__ACTION ITEM__: Omit the pictures while printing every entry below exactly as given.

__DATA FOR THIS EXERCISE__:

== Segment start ==

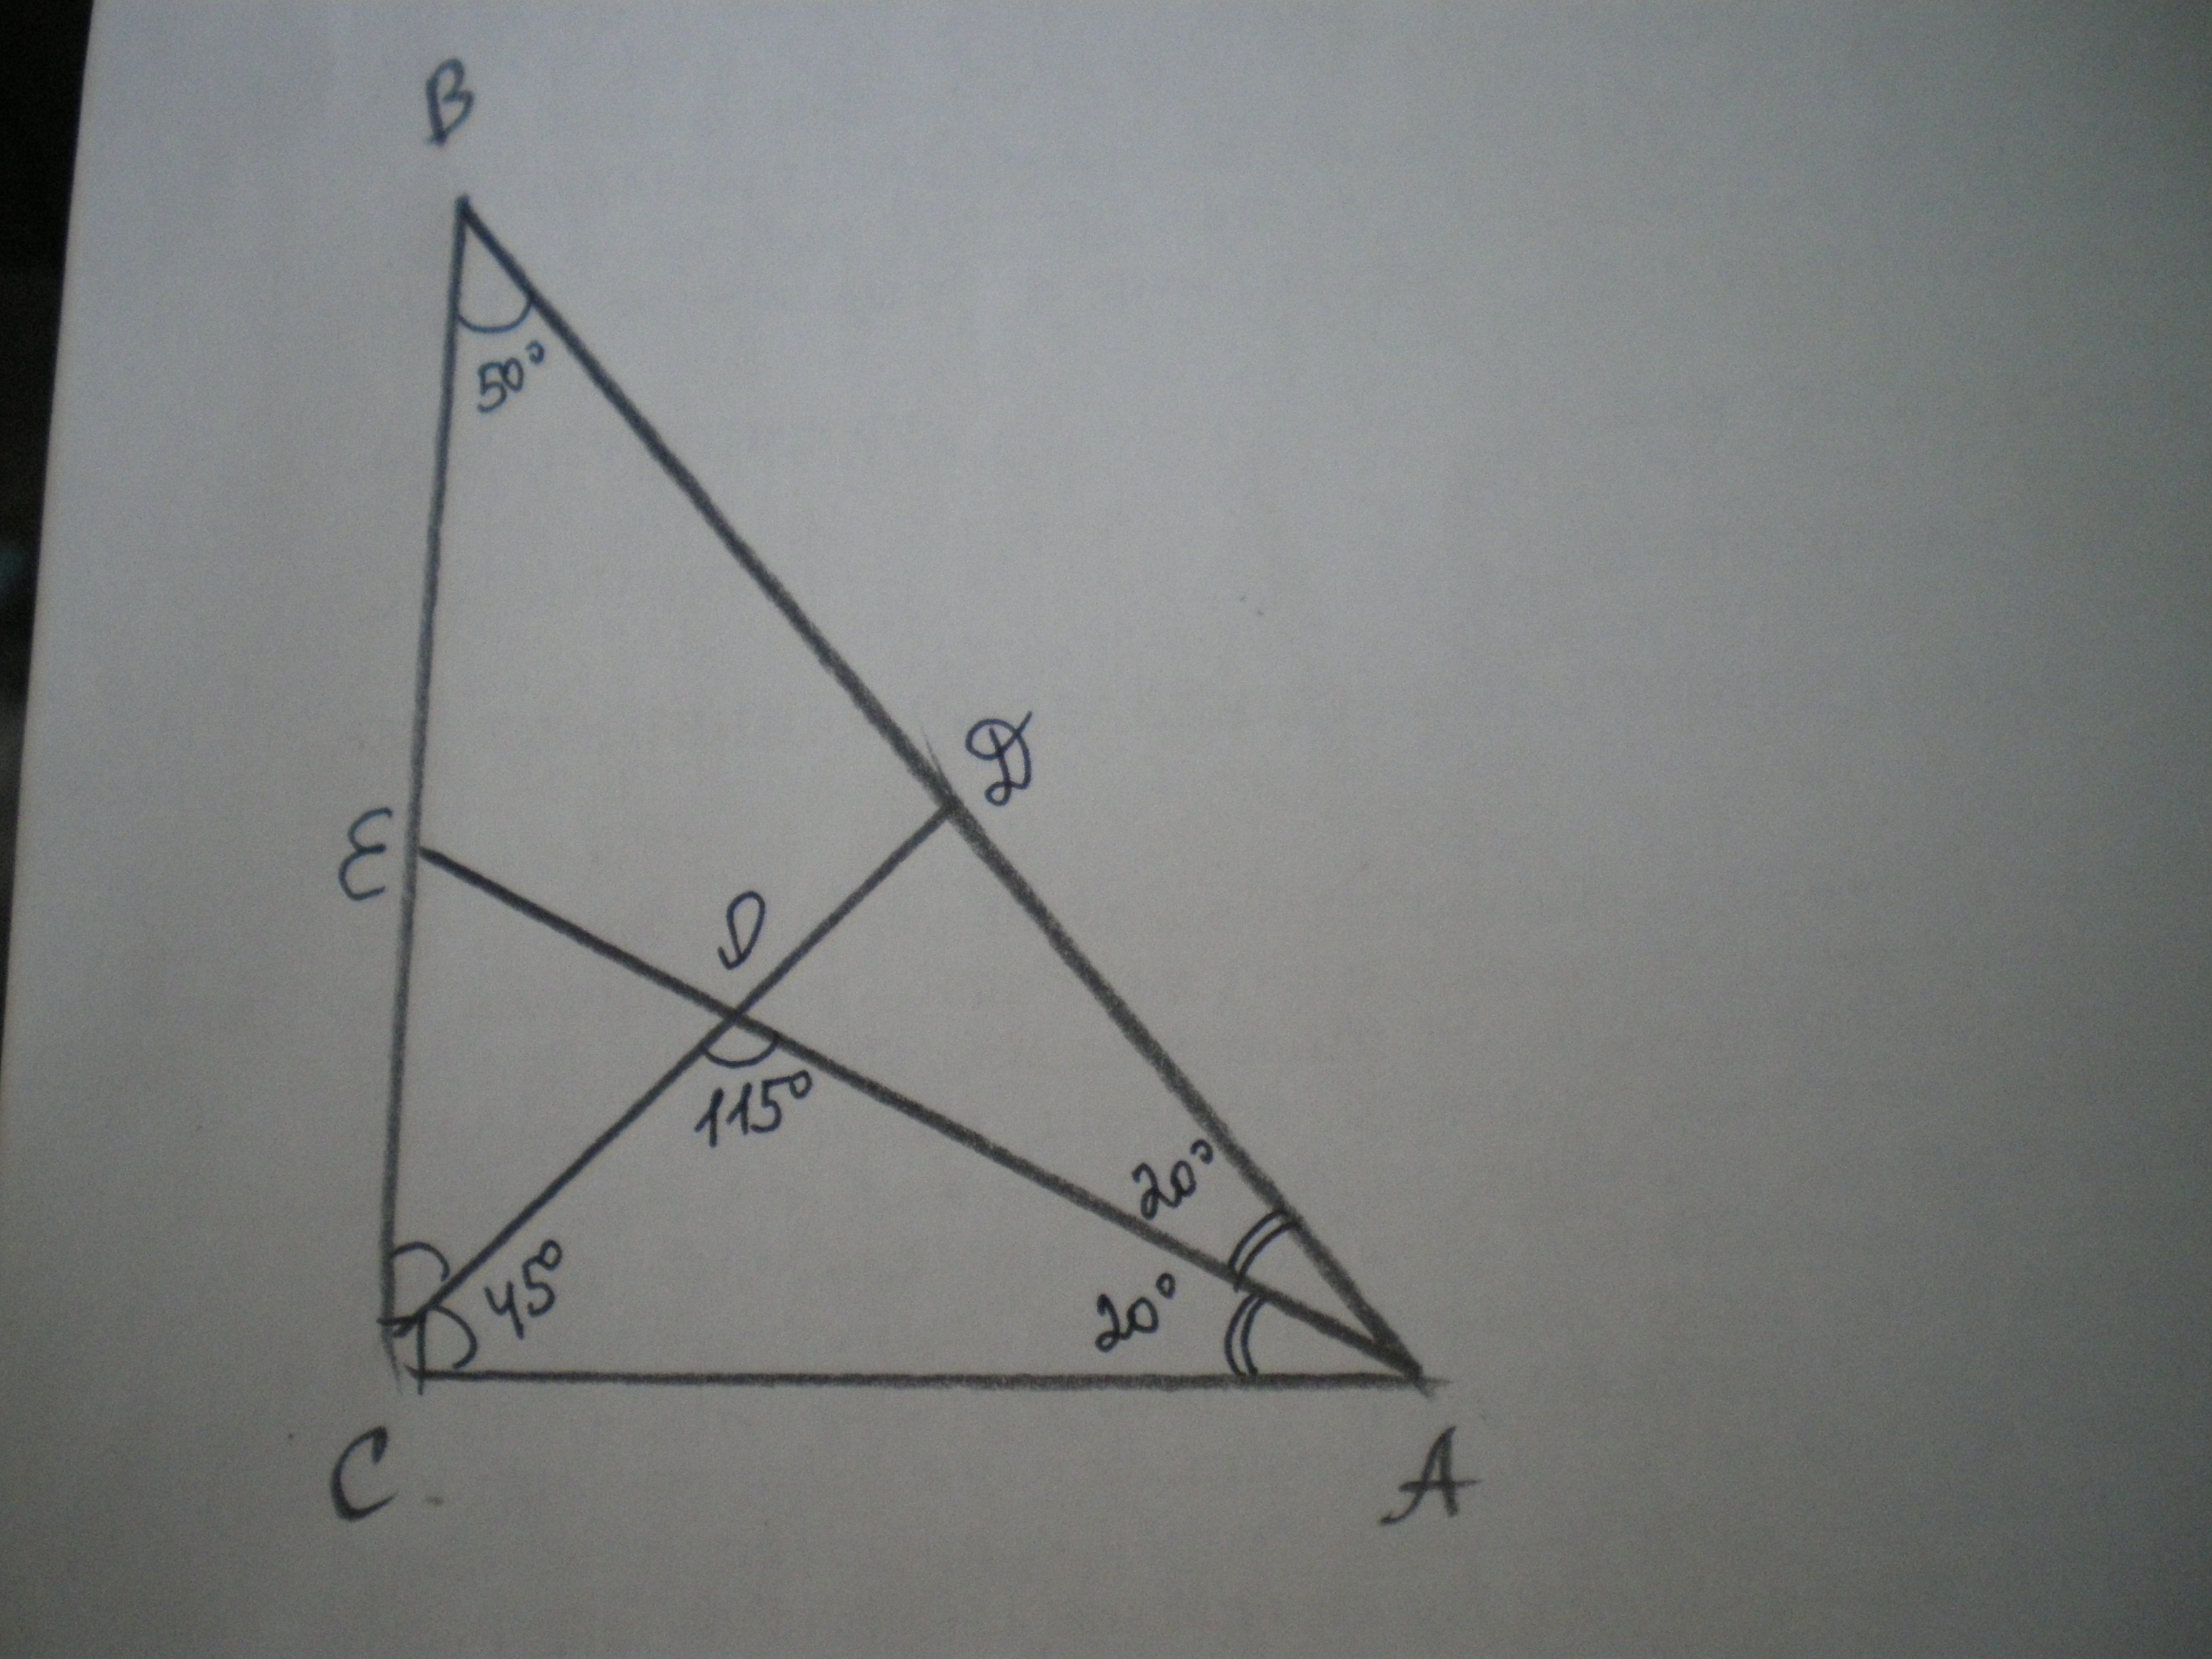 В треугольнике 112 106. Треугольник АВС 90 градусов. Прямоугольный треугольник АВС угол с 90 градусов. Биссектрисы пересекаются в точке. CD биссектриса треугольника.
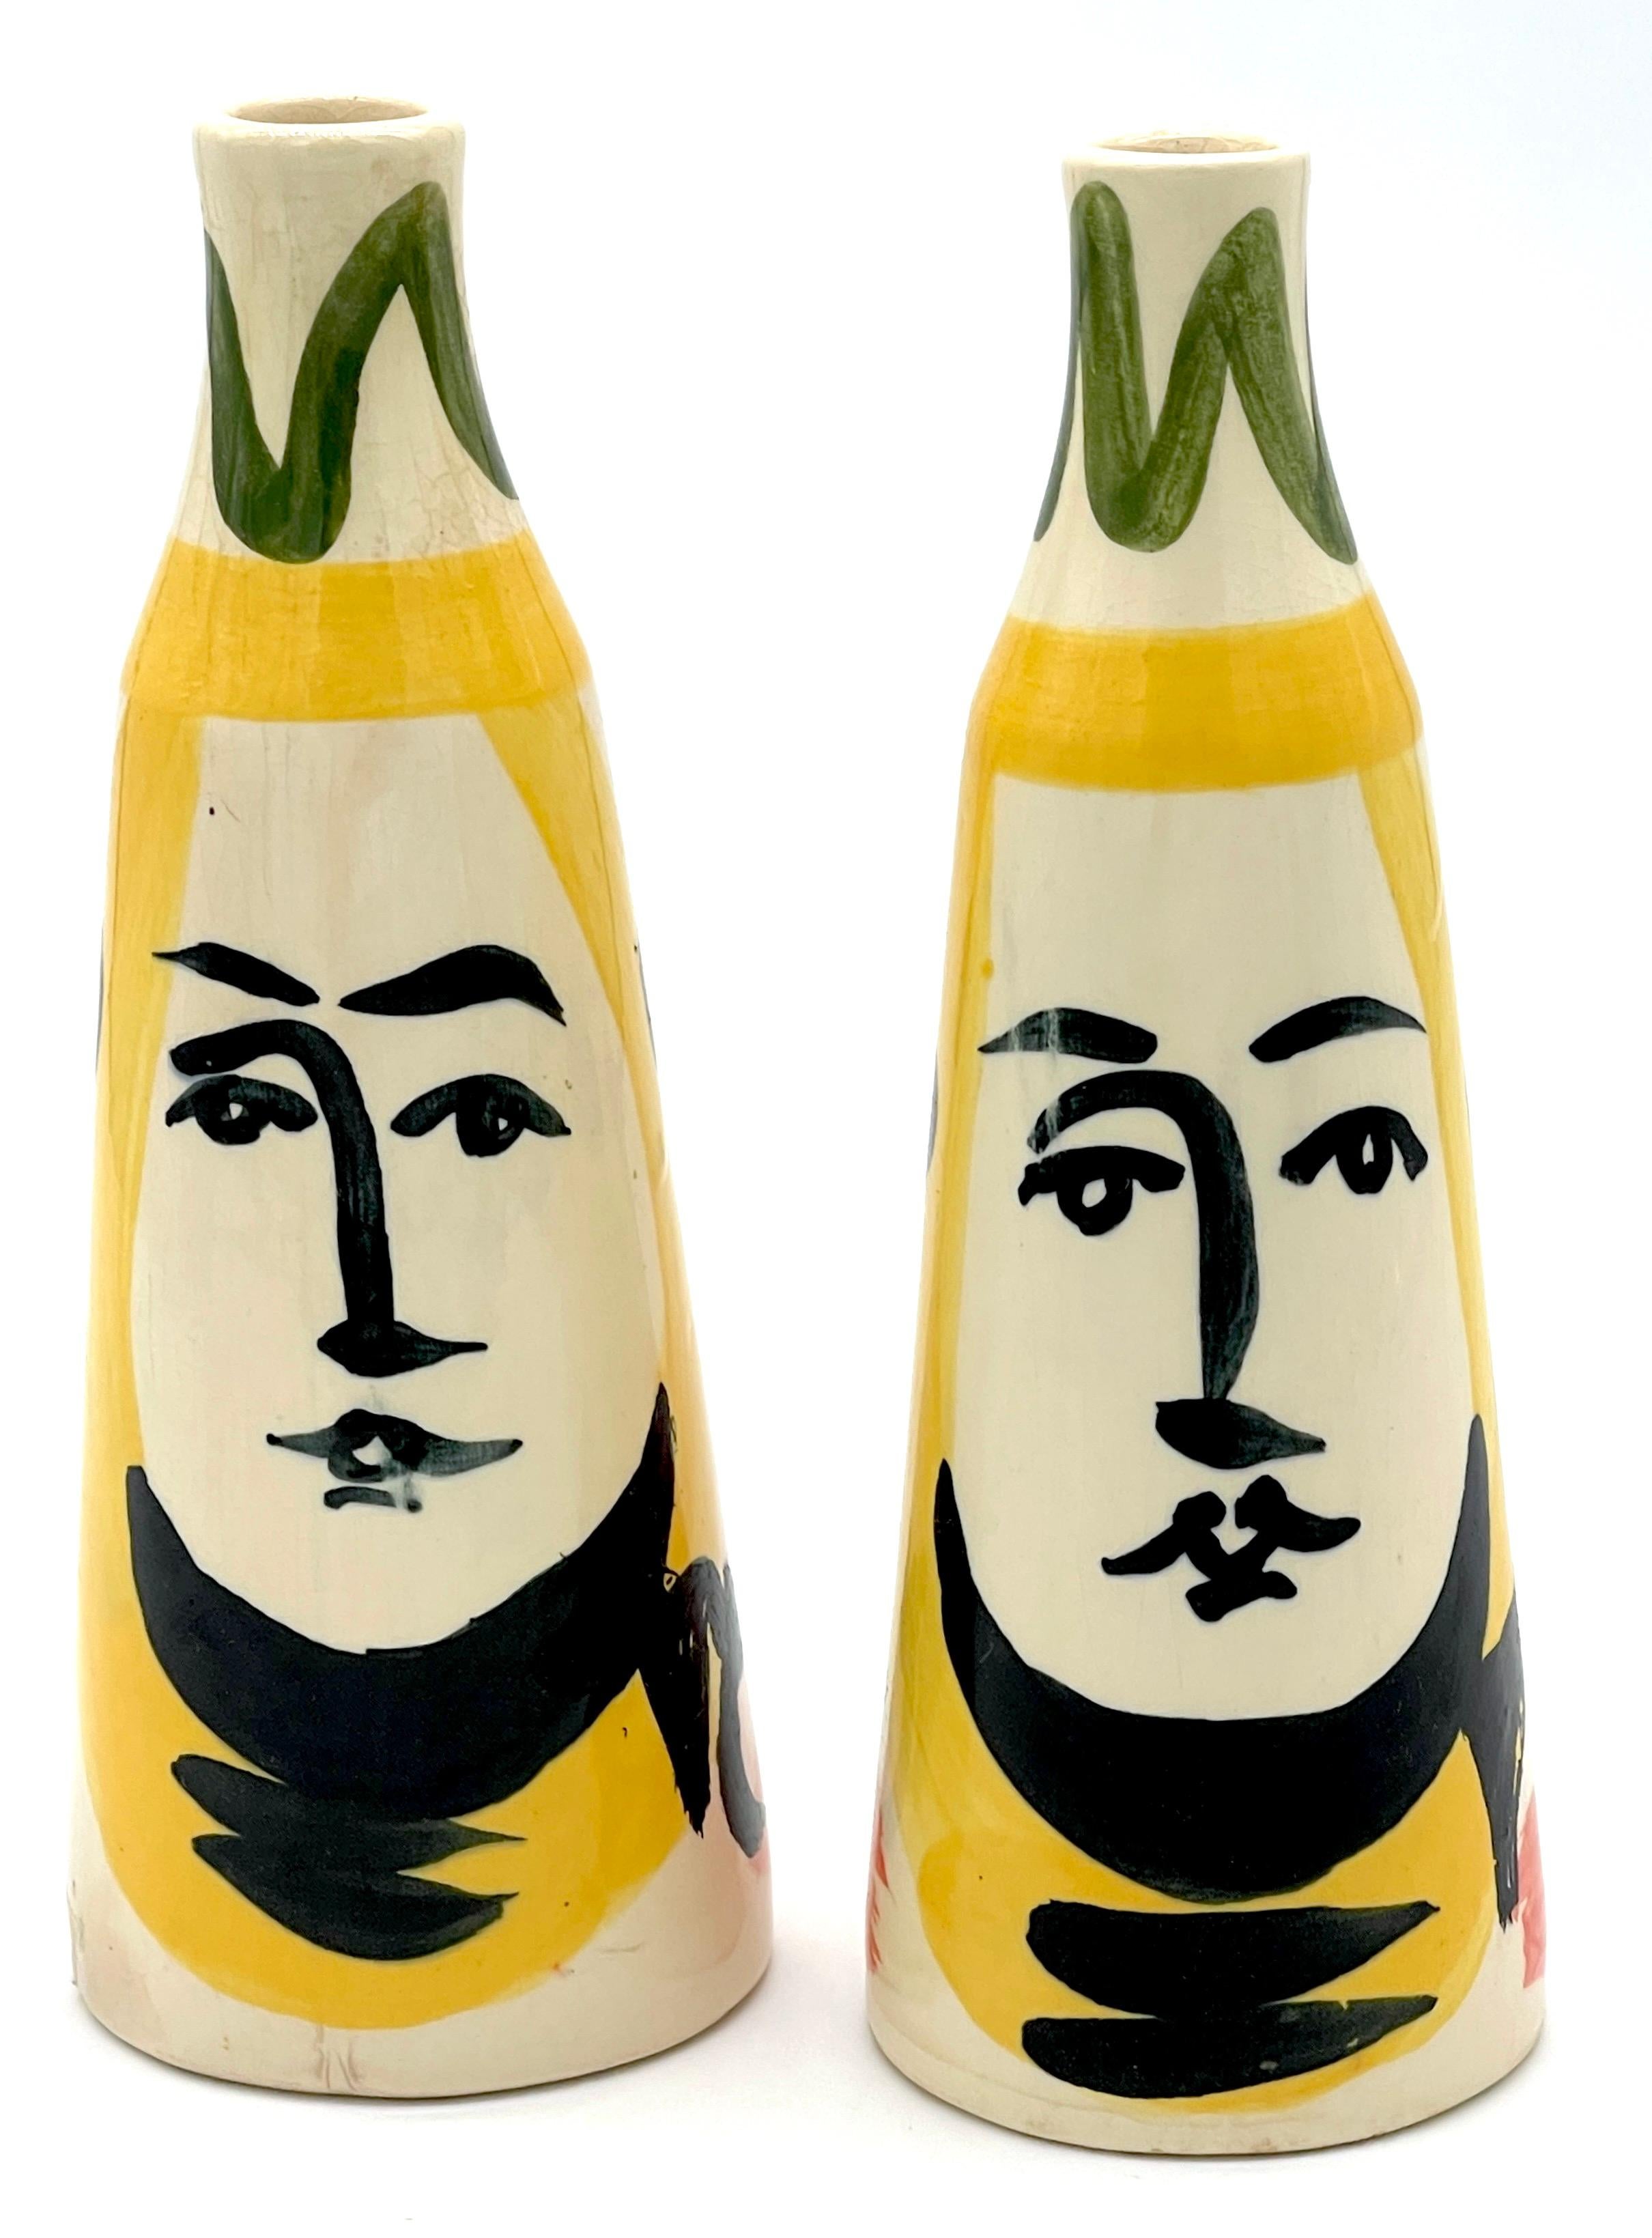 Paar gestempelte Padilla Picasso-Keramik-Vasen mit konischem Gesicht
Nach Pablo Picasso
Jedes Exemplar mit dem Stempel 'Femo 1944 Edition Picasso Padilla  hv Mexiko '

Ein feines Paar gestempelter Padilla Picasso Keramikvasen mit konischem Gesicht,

== Segment end ==

__EXERCISE RESULT__:
 В треугольнике 112 106. Треугольник АВС 90 градусов. Прямоугольный треугольник АВС угол с 90 градусов. Биссектрисы пересекаются в точке. CD биссектриса треугольника.
 Paar gestempelte Padilla Picasso-Keramik-Vasen mit konischem Gesicht
Nach Pablo Picasso
Jedes Exemplar mit dem Stempel 'Femo 1944 Edition Picasso Padilla  hv Mexiko '

Ein feines Paar gestempelter Padilla Picasso Keramikvasen mit konischem Gesicht,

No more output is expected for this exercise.